_Exercise objective_. Restrict the output to the lines below starting at the one that contains "fond bleu abstrait fluide vecteur" and ending at the one that contains "Emmanuel Guibert récompensé", and restate them word for word, both ends included.

_Material for this exercise_.
■ ■ ■ ■

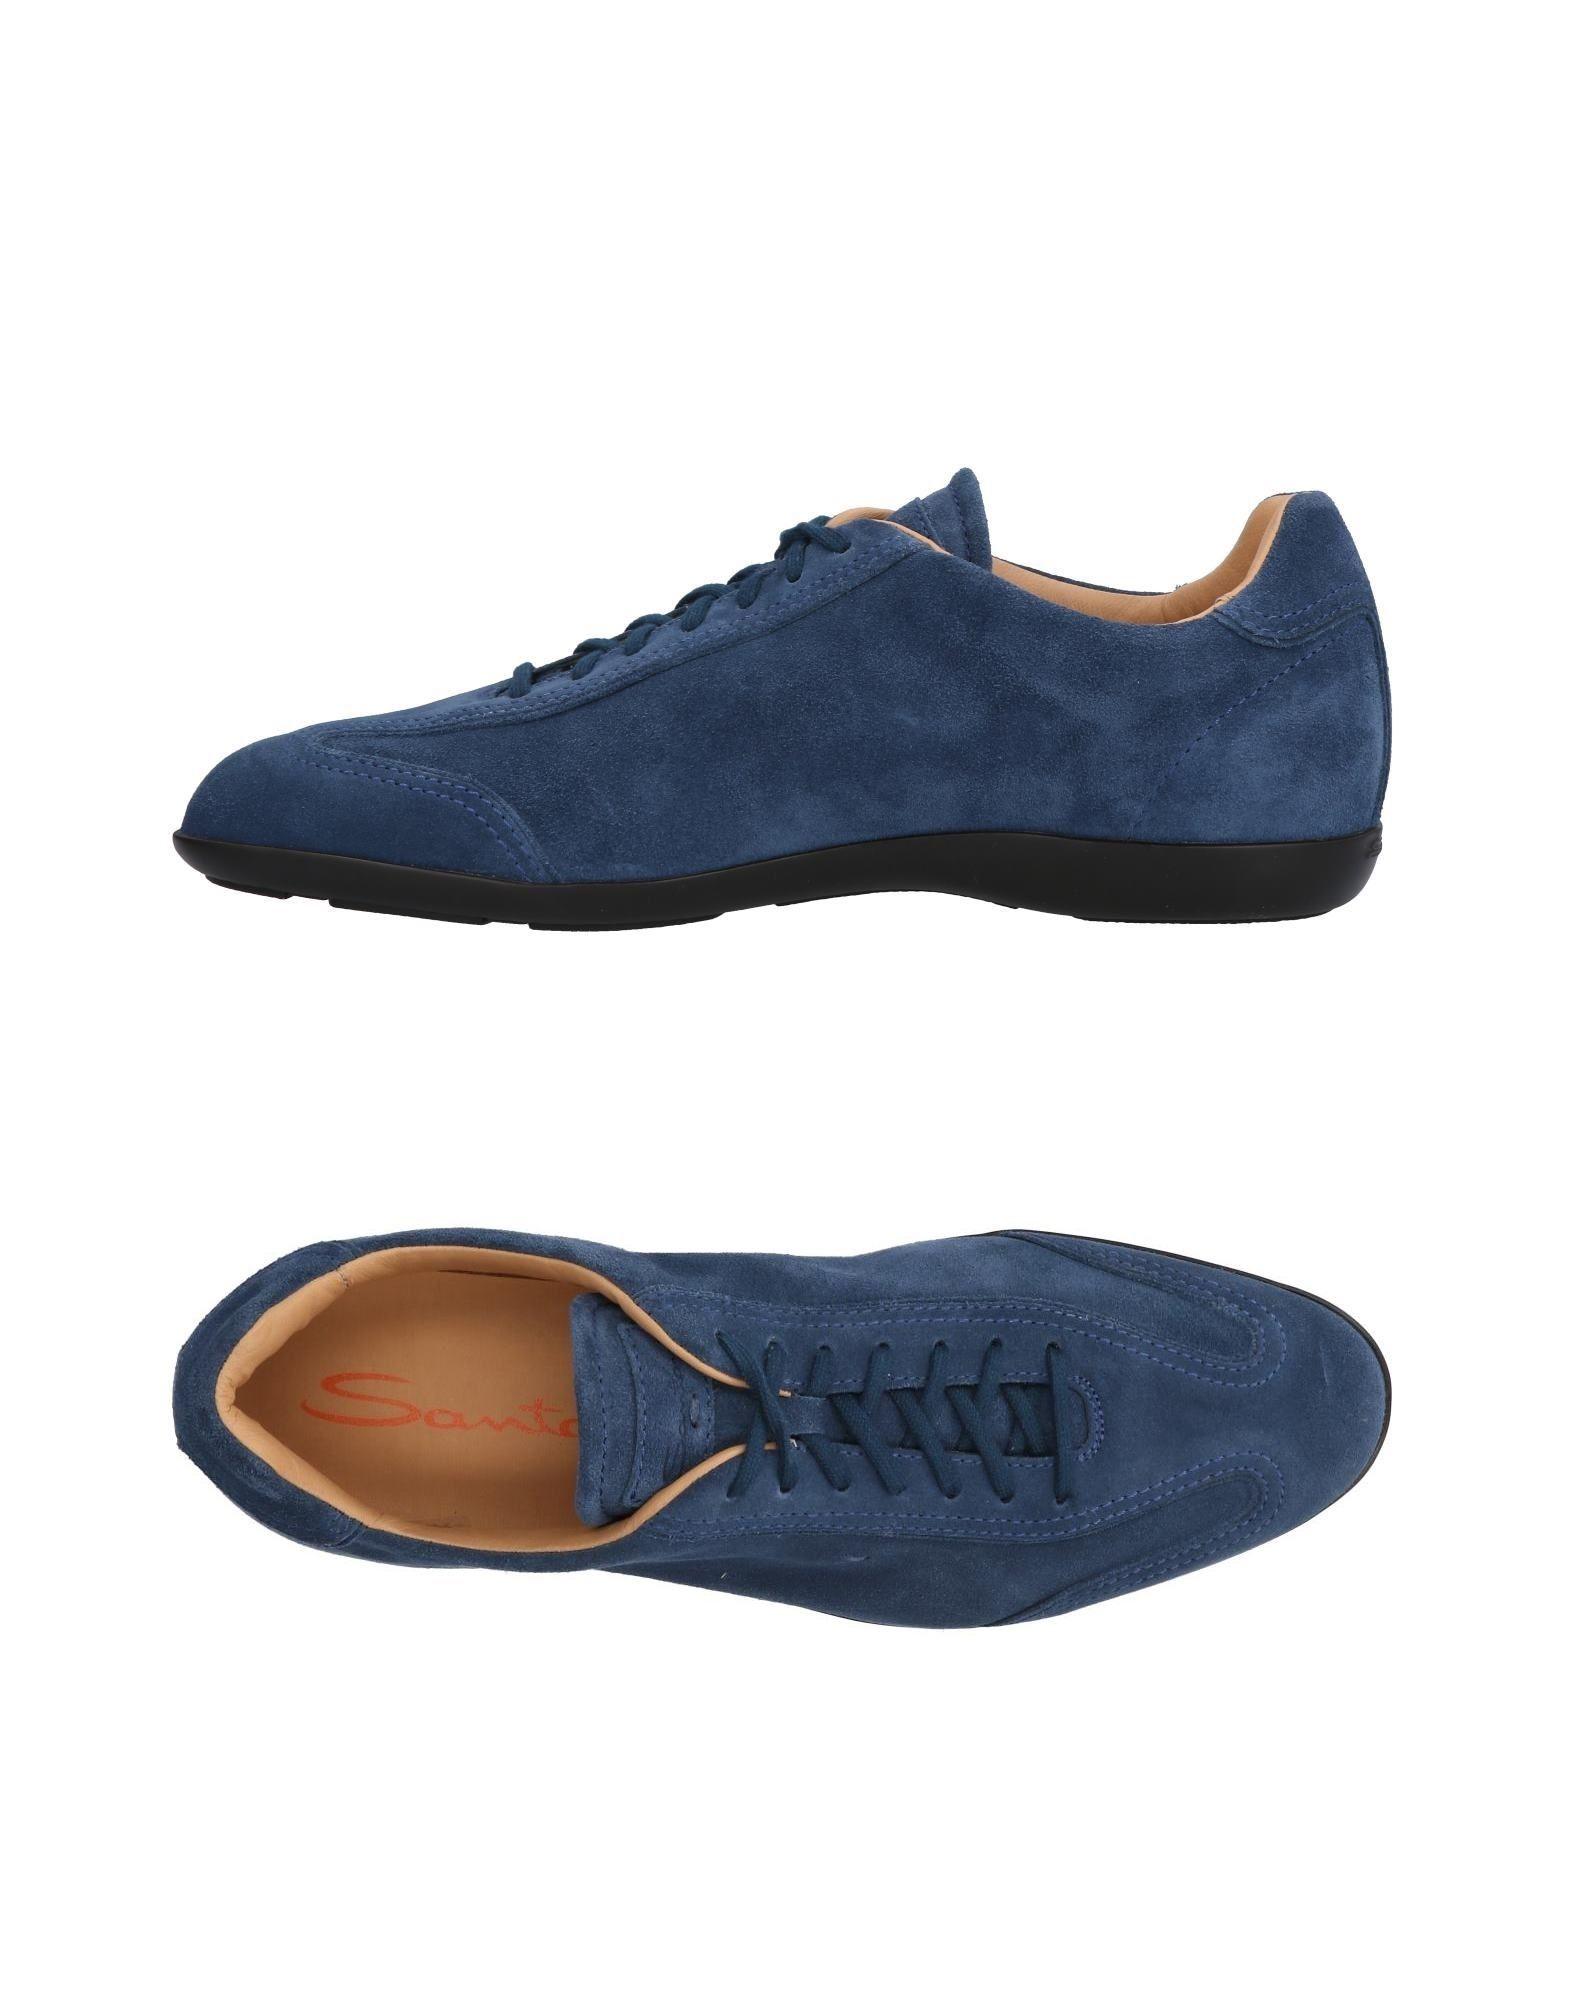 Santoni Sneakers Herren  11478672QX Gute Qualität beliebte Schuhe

■ ■ ■ ■

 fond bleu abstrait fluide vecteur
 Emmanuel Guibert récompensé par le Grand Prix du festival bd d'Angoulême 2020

■ ■ ■ ■

_Your response_.
 fond bleu abstrait fluide vecteur
 Emmanuel Guibert récompensé par le Grand Prix du festival bd d'Angoulême 2020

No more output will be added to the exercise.